┌─ SOURCE RECORDS

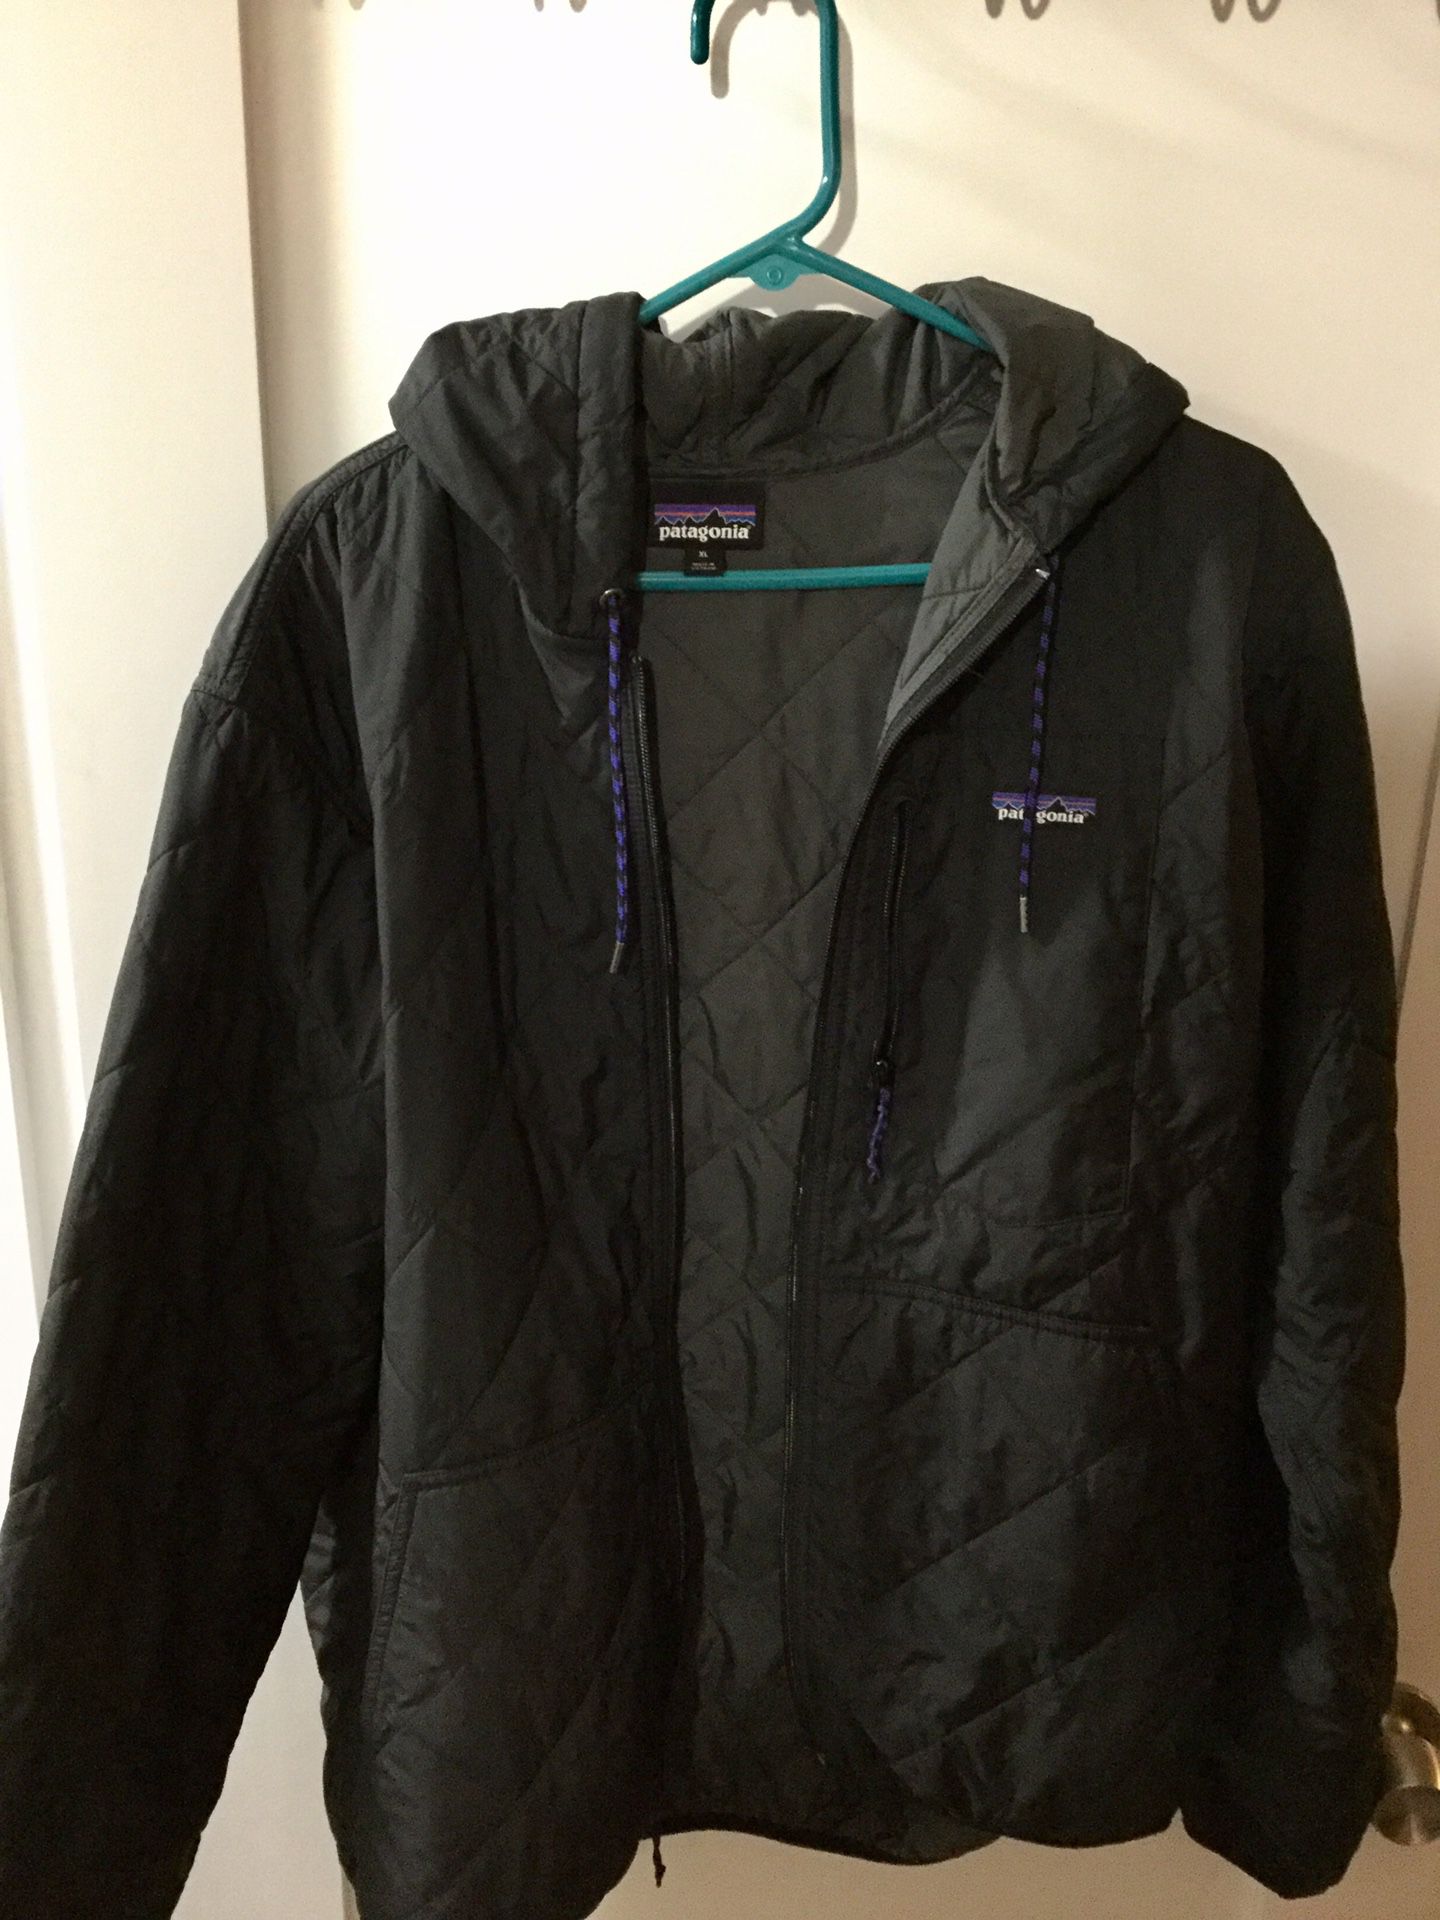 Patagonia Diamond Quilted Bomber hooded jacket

└─
┌─ SOURCE RECORDS

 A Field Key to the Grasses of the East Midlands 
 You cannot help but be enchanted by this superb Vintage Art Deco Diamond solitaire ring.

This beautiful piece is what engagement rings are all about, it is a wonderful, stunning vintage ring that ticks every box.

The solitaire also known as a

└─
┌─ SOURCE RECORDS

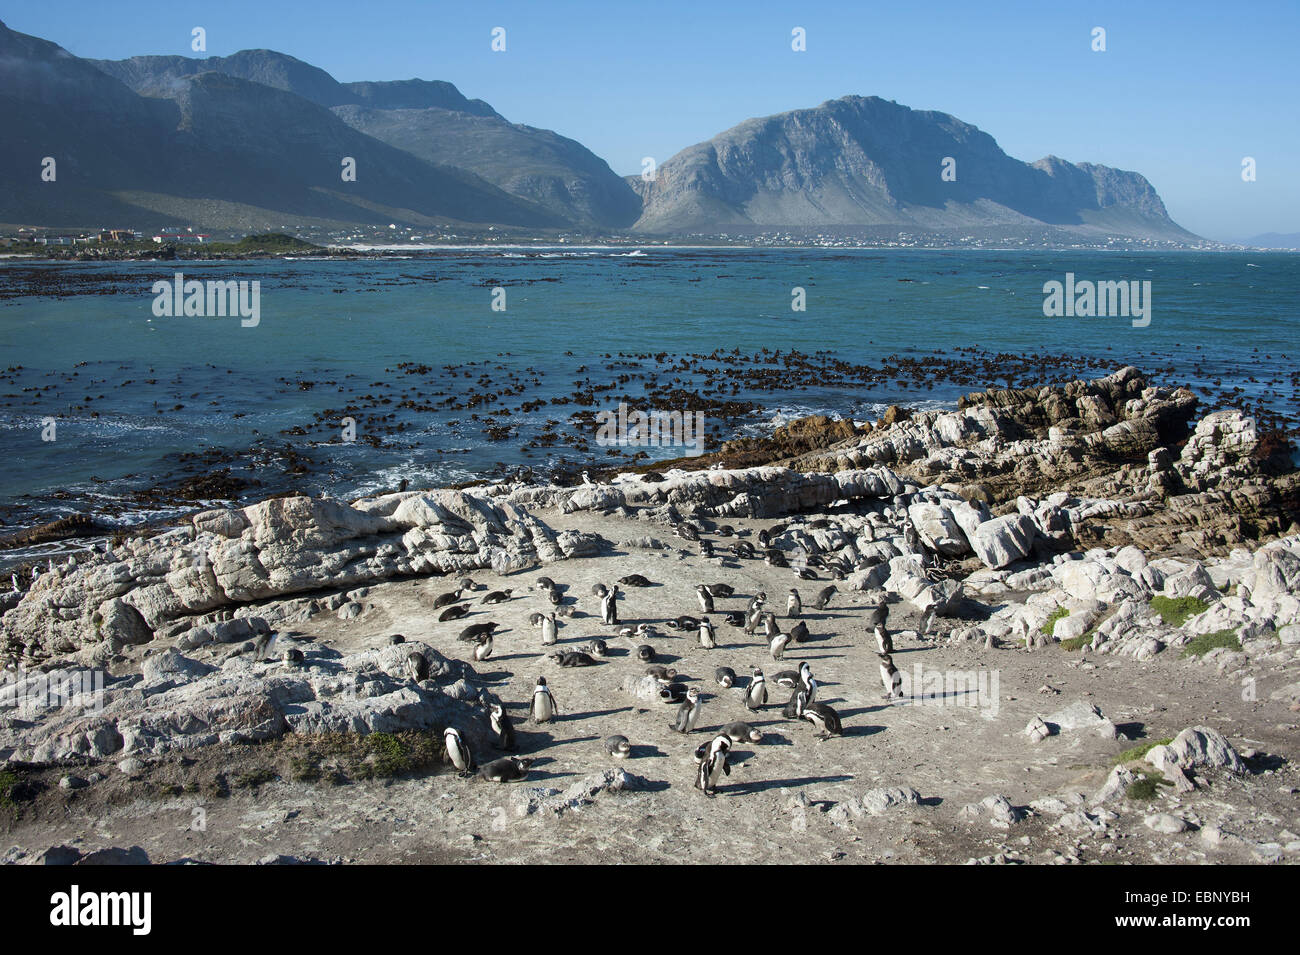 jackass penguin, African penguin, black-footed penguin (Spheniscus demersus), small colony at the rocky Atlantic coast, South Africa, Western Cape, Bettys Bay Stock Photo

└─

> YOUR TASK:
Write out exactly the lines that fall from the line with "A Field Key" to the line with "The solitaire also known as a" in the records above, keeping both ends.

> SOLUTION FOR THIS PROBLEM:
 A Field Key to the Grasses of the East Midlands 
 You cannot help but be enchanted by this superb Vintage Art Deco Diamond solitaire ring.

This beautiful piece is what engagement rings are all about, it is a wonderful, stunning vintage ring that ticks every box.

The solitaire also known as a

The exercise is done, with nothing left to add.